Mohammed Hasan, a 16-year old student wounded in both feet, said: “We want on this occasion to remind America and the whole world that we have a right to return to our country”.
The United States State Department on Sunday expressed its concern over the clashes.
“We are deeply troubled by events that took place earlier today in the Golan Heights resulting in injuries and the loss of life,” the State Department said in a statement.
“We call for all sides to exercise restraint. Provocative actions like this should be avoided.”
The US statement emphasised that “Israel, like any sovereign nation, has a right to defend itself”.
The recent protests are designed to draw attention to the plight of Palestinian refugees who fled or were expelled from their homes during Israel’s war of independence in 1948.
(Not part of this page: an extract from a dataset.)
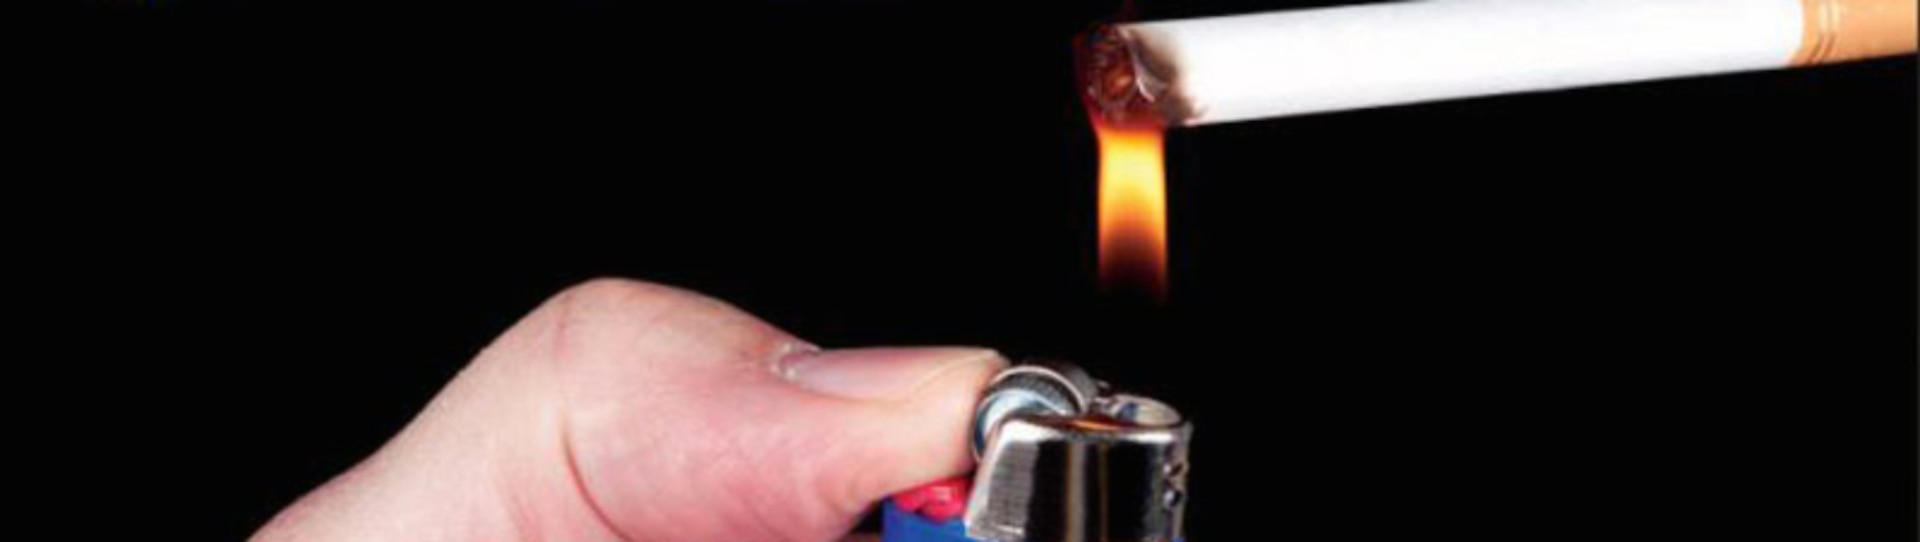 Fires involving smoking materials are preventable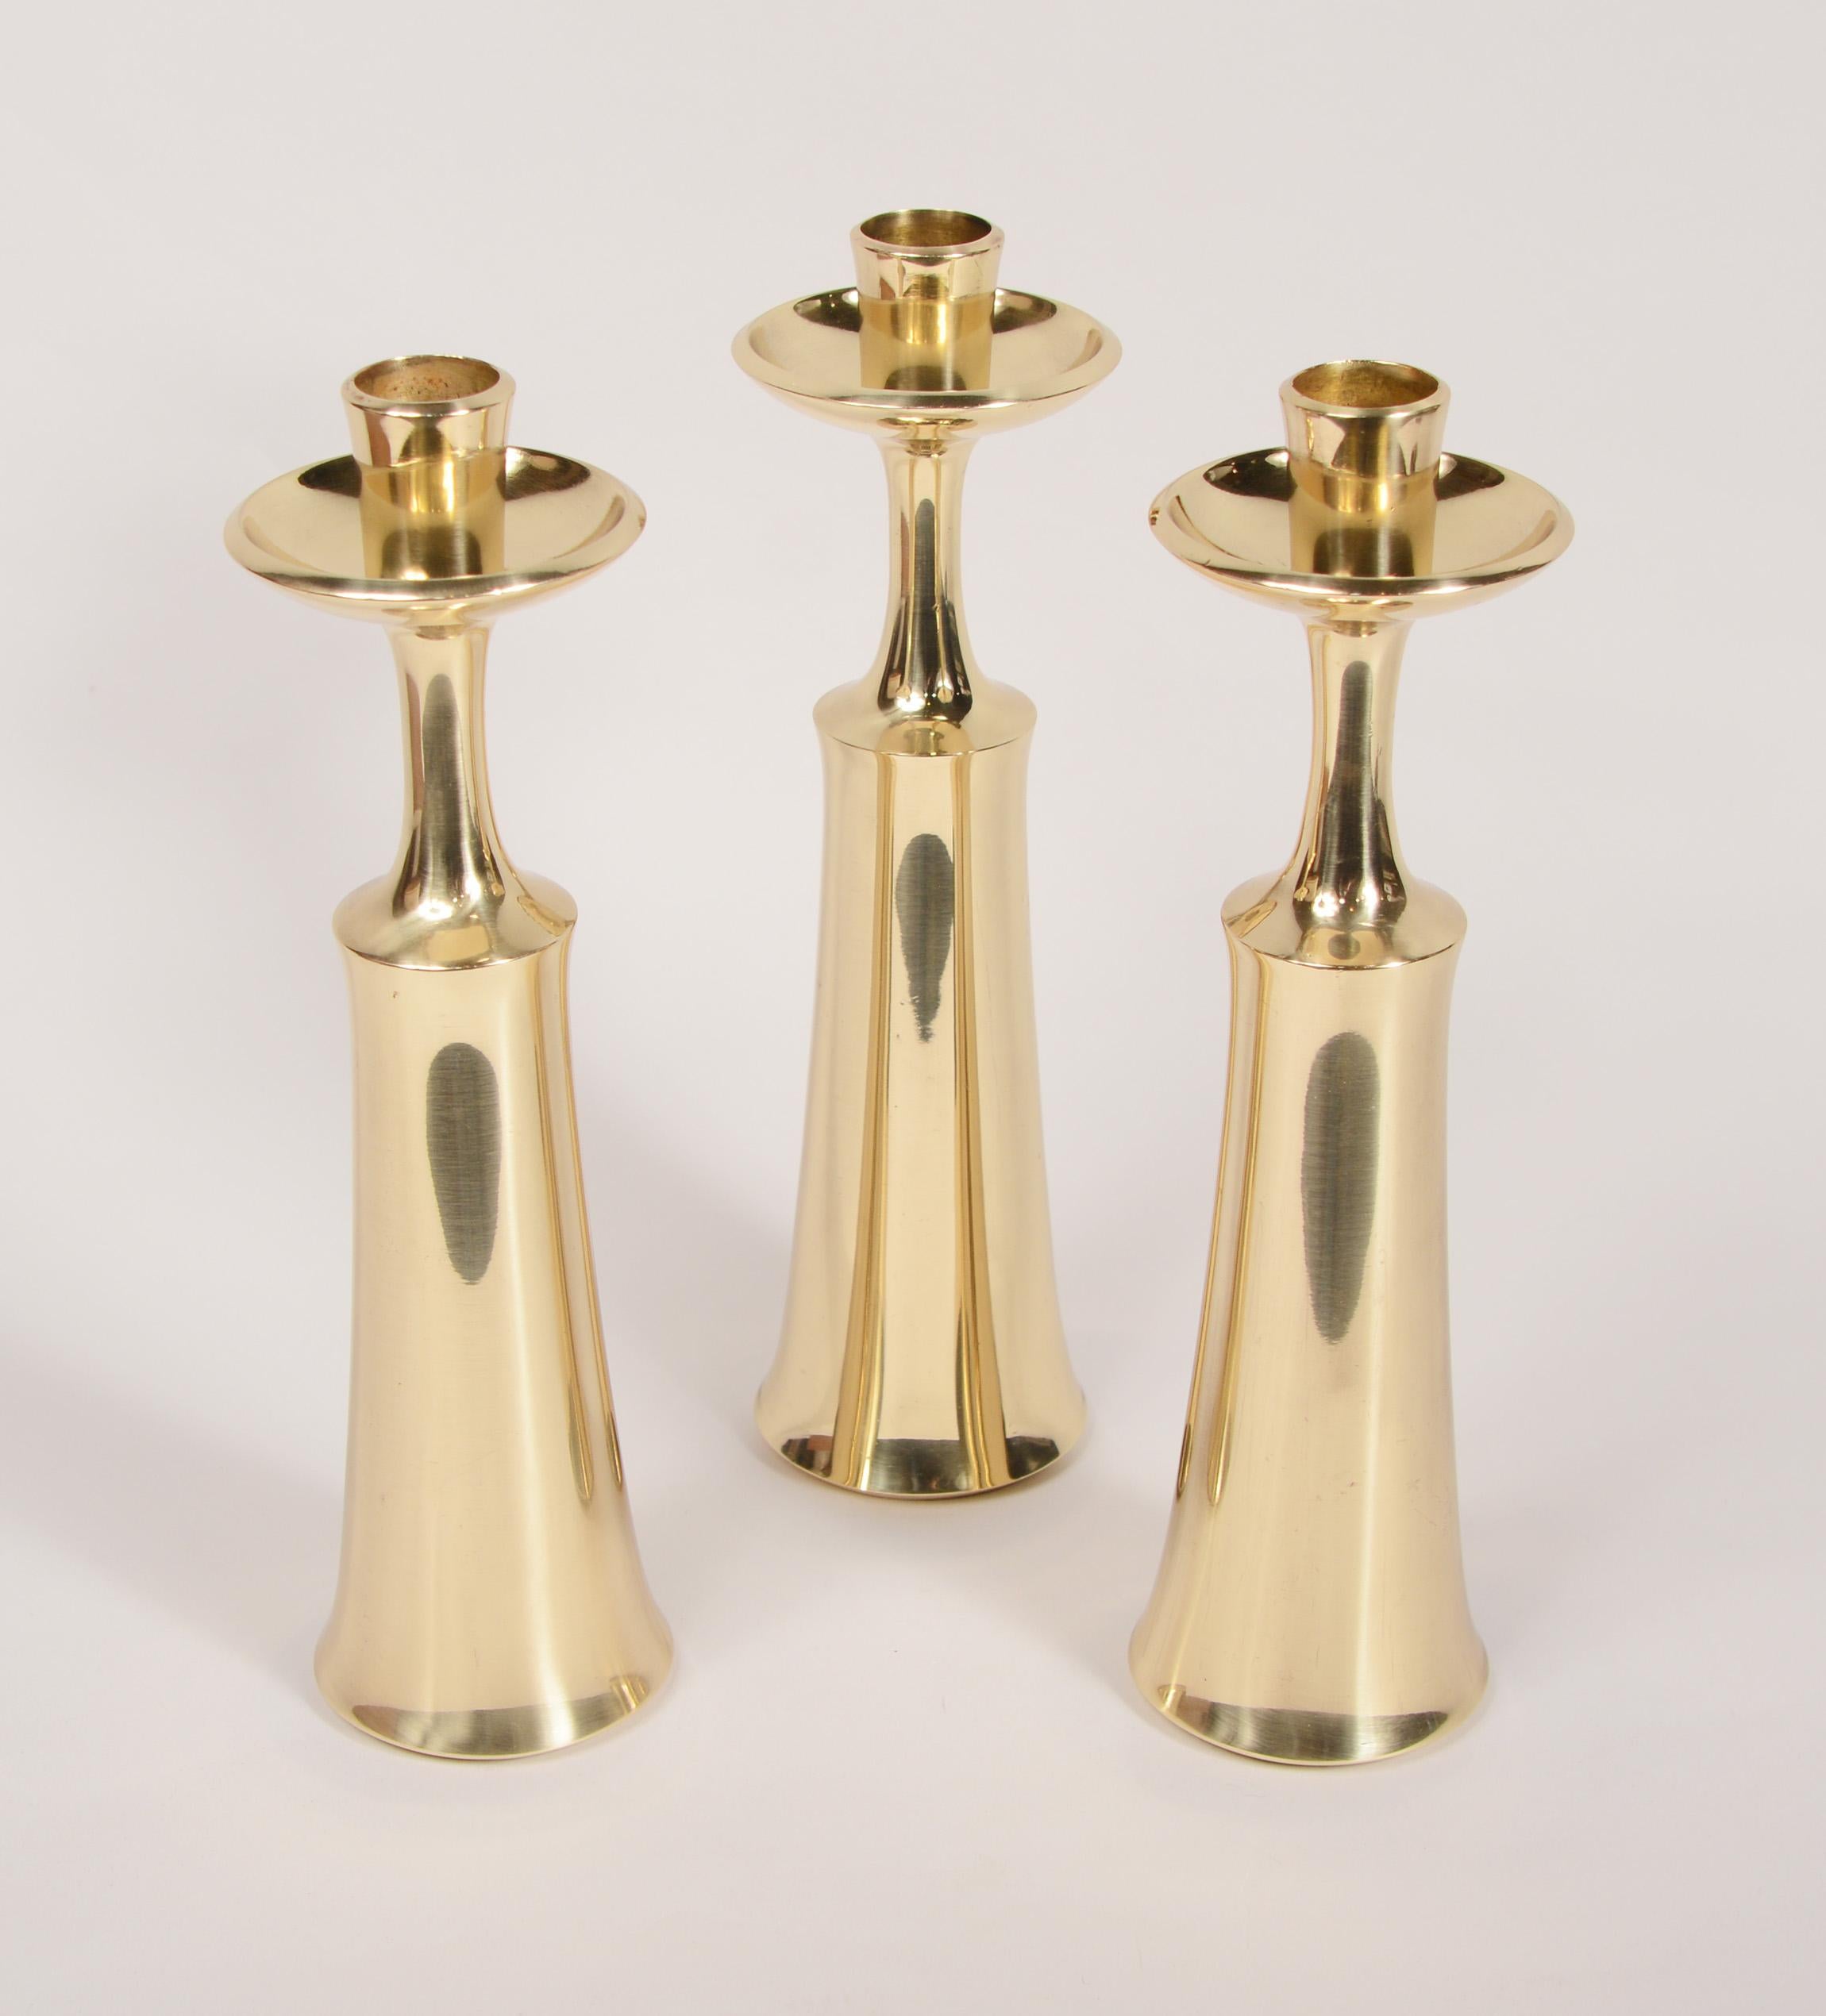 20th Century Three Dansk Polished Brass Candle Holders by Jens Quistgaard For Sale

Now, around half a million Palestinian refugees live across 13 camps in Syria.
Deflecting attention
Avital Leibovich, the Israeli army’s spokesman, told Al Jazeera: “We [the military] saw near 12 noon an angry mob of a few hundreds of Syrians trying to reach the border fence between Israel and Syria.
“We did three steps. We first warned them verbally, we told them not to get close to the fence in order for them not to endanger their lives.
“When this failed, we fired warning shots into the air. When this failed, we had to open fire selectively at their feet in order to prevent an escalation.”
The Israeli military accused the Syrian government of instigating the protests to deflect attention from its bloody crackdown of a popular uprising at home.
“This is an attempt to divert international attention from the bloodbath going on in Syria,” said Leibovich.
Israel had vowed to prevent a repeat of a similar demonstration last month, in which hundreds of people burst across the border into Israeli-controlled Golan Heights.
More than a dozen people were killed in that unrest, in which protesters had gathered to mark the 63rd anniversary of the “Nakba day”, to mark the expulsion of an estimated 700,000 Palestinians following Israel’s 1948 declaration of statehood.